In the heart there are four chambers, and blood moves from one chamber to the next as it flows through the heart. The first chamber blood enters as it returns from the body is the right atrium.  The word atrium comes from the Latin word for "entrance hall" or "reception hall" in a house. 

After blood collects in the right atrium it is pumped into the right ventricle.  The word ventricle comes from a Latin word which means "stomach".  The ventricle is something like a stomach, collecting blood and then emptying it.  Blood leaves the right ventricle and goes into the pulmonary artery which supplies the lungs.  After the blood receives oxygen, it returns to the left side of the heart, the left atrium.

After collecting in the left atrium, it is pumped into the left ventricle, and from there it is pumped into the aorta, the largest blood vessel in the body.  From the aorta, blood courses throughout the body through its arteries.

For blood to go in only one direction, forward, it must pass through the heart valves, which function as one-way doors, opening and shutting with each beat of the heart.  Just as there are four chambers to the heart, there are four heart valves.  Blood must pass through one of these valves each time it leaves a chamber.

The Four Heart Valves

  • Tricuspid: The tricuspid valve is named because it has three leaflets.  It is located between the right atrium and right ventricle.
  • Pulmonary: The pulmonary valve is named because it is located below the pulmonary artery, between the right ventricle and the pulmonary artery.
  • Mitral: The mitral valve is named because it looks like an upside down bishop's hat or mitre.
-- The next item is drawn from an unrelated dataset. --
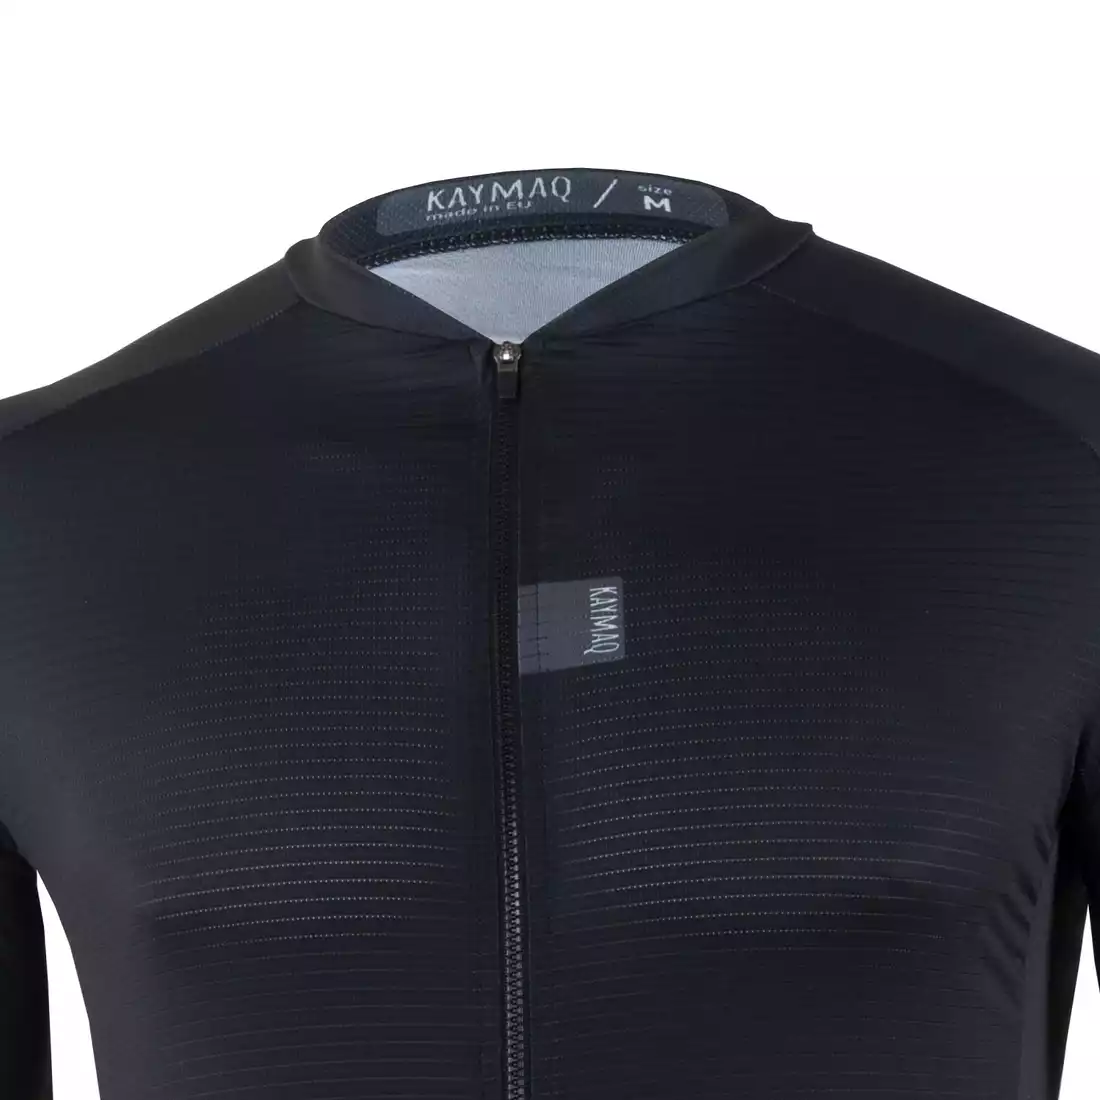 KAYMAQ DESIGN KYQ-SS-1001-3 men's cycling short sleeve jersey black

It is the only heart valve with two leafets; all of the others have three.  It is located between the left atrium and left ventricle.
  • Aortic: The aortic valve is named because it is located below the aorta, between the left ventricle and aorta.            

The two valves located between the atria and ventricles, the tricuspid and mitral valves, are known as atrioventricular valves.  The two other valves, the pulmonary and aortic, are sometimes called semilunar valves, because each of those valves has leaflets that are shaped like half-moons.